In its second quarter country report for Malawi, EIU, a British business within the Economist Group, expects the economy to grow by 3.6 percent in 2018 after accelerating to an estimated 4.5 percent in 2017, on the back of a bumper harvest, five percent in 2019, 4.9 percent in 2020, 4.5 percent in 2021 and 4.8 percent in 2022.

The EIU, which provides forecasting and advisory services through research and analysis, banks on improved maize production and plans to expand other cash crops, rising aid inflows and public capital investment as an important force behind an annual average real growth rate.

“Rising aid inflows and public capital investment will be important growth drivers for construction activity as government seeks to expedite projects

that address the country’s infrastructure deficit.

“However, one major drag on growth will be the tobacco sector, production is set to register little or no growth during the forecast period.
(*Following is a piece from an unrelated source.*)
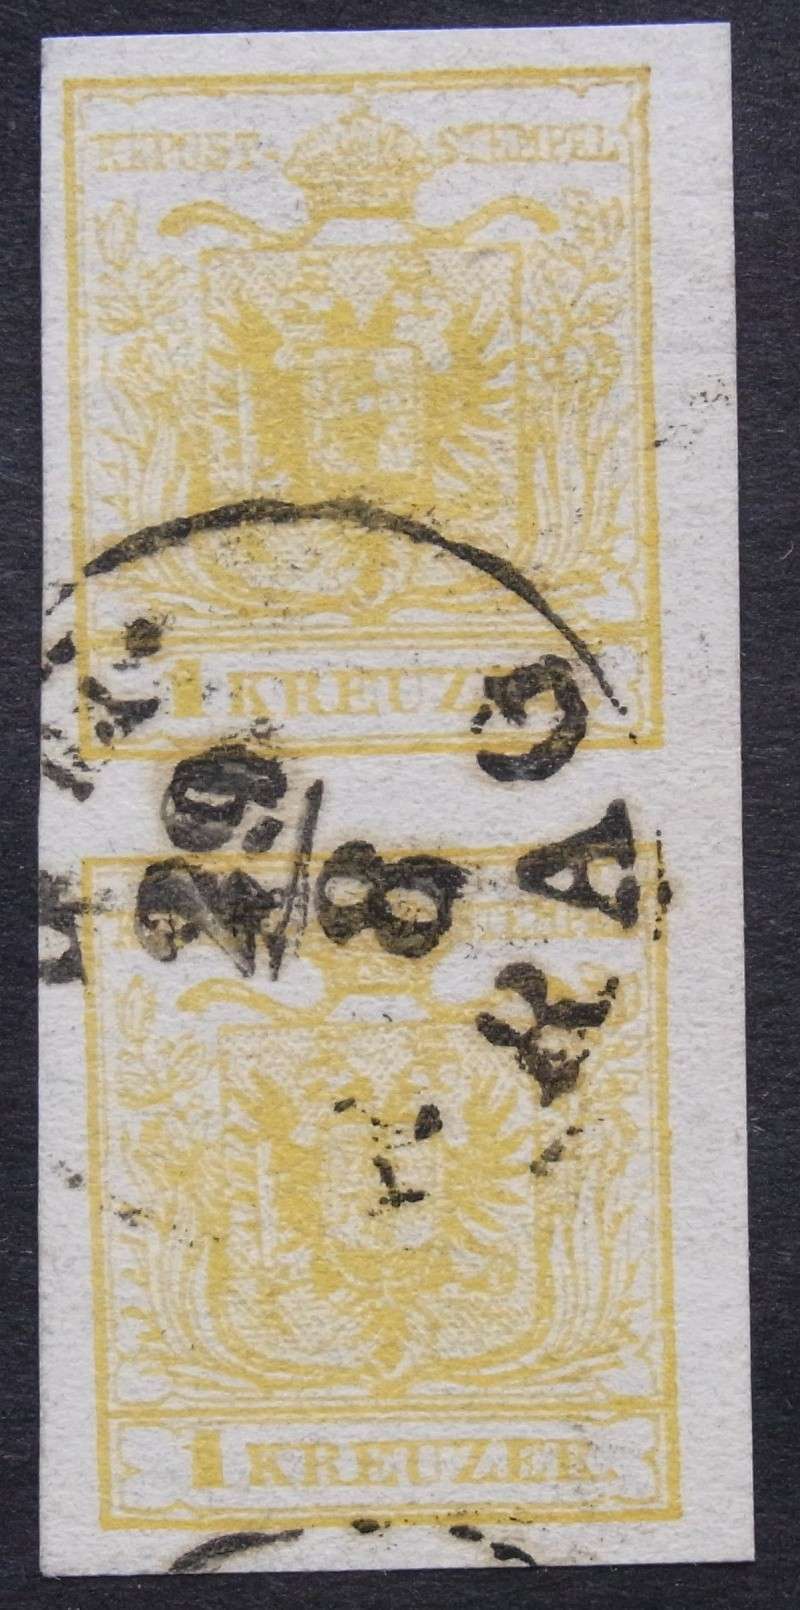 stempel - Die erste Österreichische Ausgabe 1850 Rimg0043
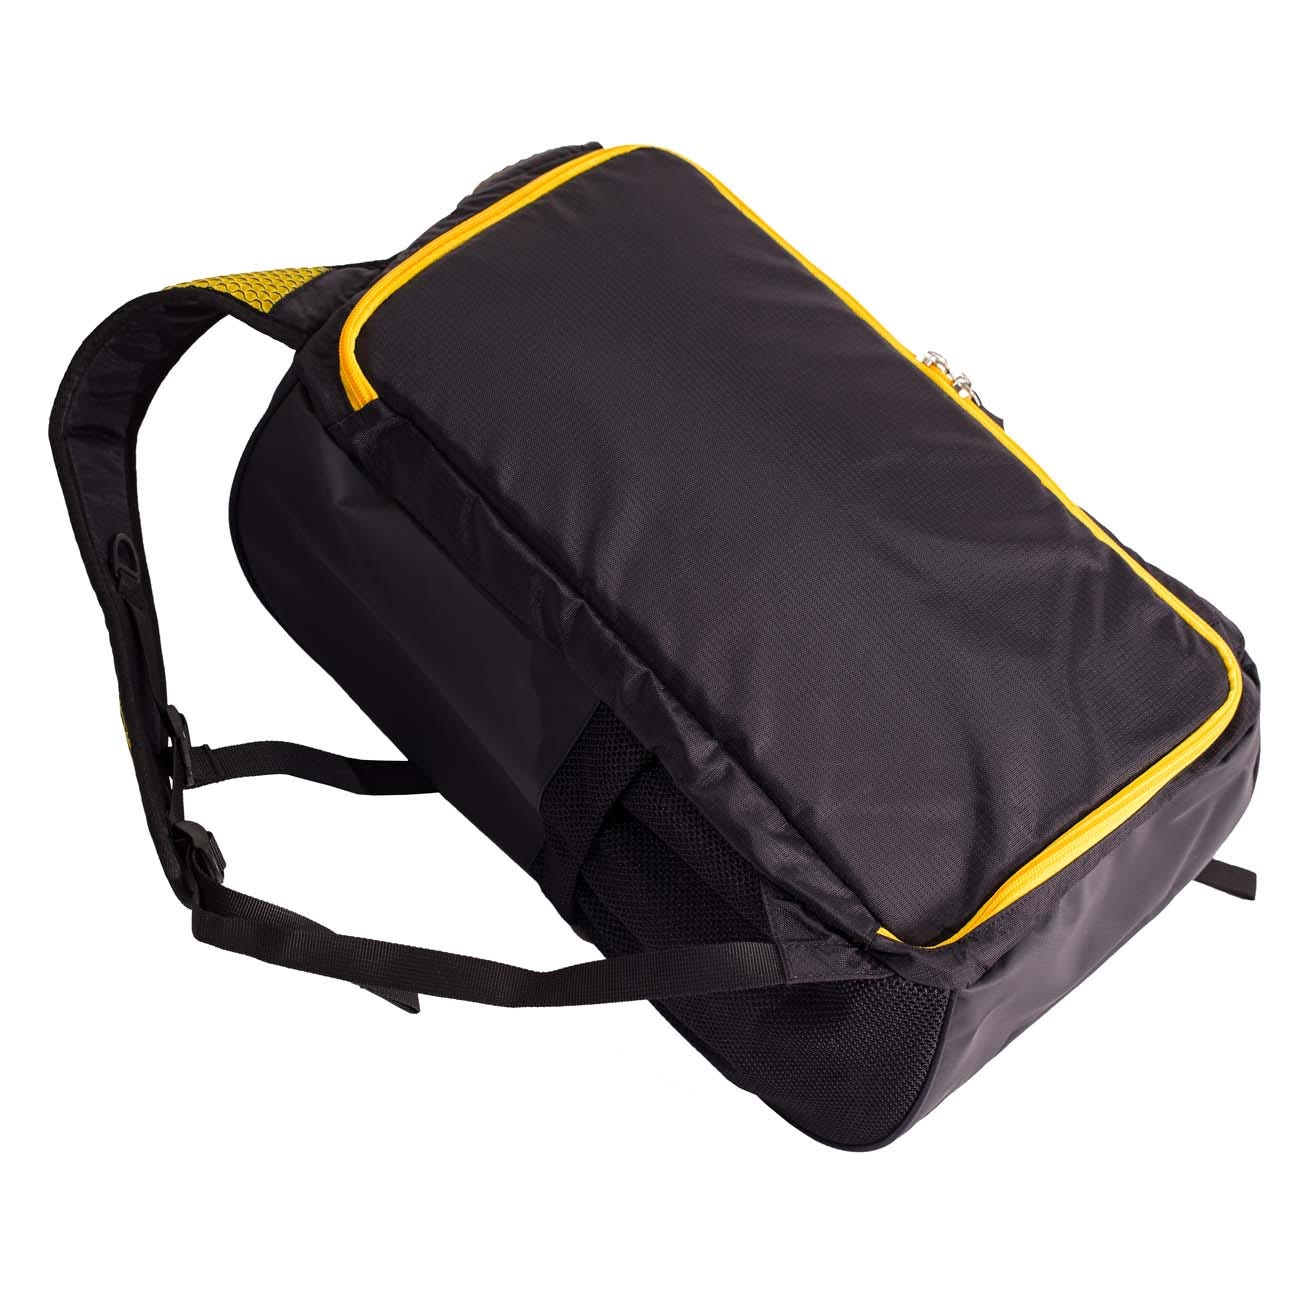 Спортивный рюкзак La Sportiva Climbing Bag

In the power sector, frequent load-shedding and outages will remain an issue throughout the forecast period even though water levels at dams should improve as the period progresses,” reads the report in part.

Gondwe earlier told Parliament that if the macroeconomic environment is managed well as it is now, the economic growth rate could reach seven percent in the medium-term.

Treasury has projected a gross domestic product (GDP) growth rate of four percent for 2018, according to the 2018 Malawi Annual Economic Report, observing that growth will be driven mainly by good performance in the human health and social work, financial and insurance services, wholesale and retail trade, public administration and defence, information and communication, and transportation and storage.

Malawi Confederation of Chambers of Commerce and Industry (MCCCI) chief executive officer Chancellor Kaferapanjira said a modest GDP growth forecast is not enough to fix the economy, observing that the country’s export base is narrow and commodity-based which is also prone to climatic conditions.

He said Malawi needs at least seven percent growth rate for a sustained period of not less than six years to bring change in the economic development of the country.

“The quality of growth and the sectors in which the growth is generated matters. Sustainable growth cannot, and will not, happen without private sector prosperity,” he said.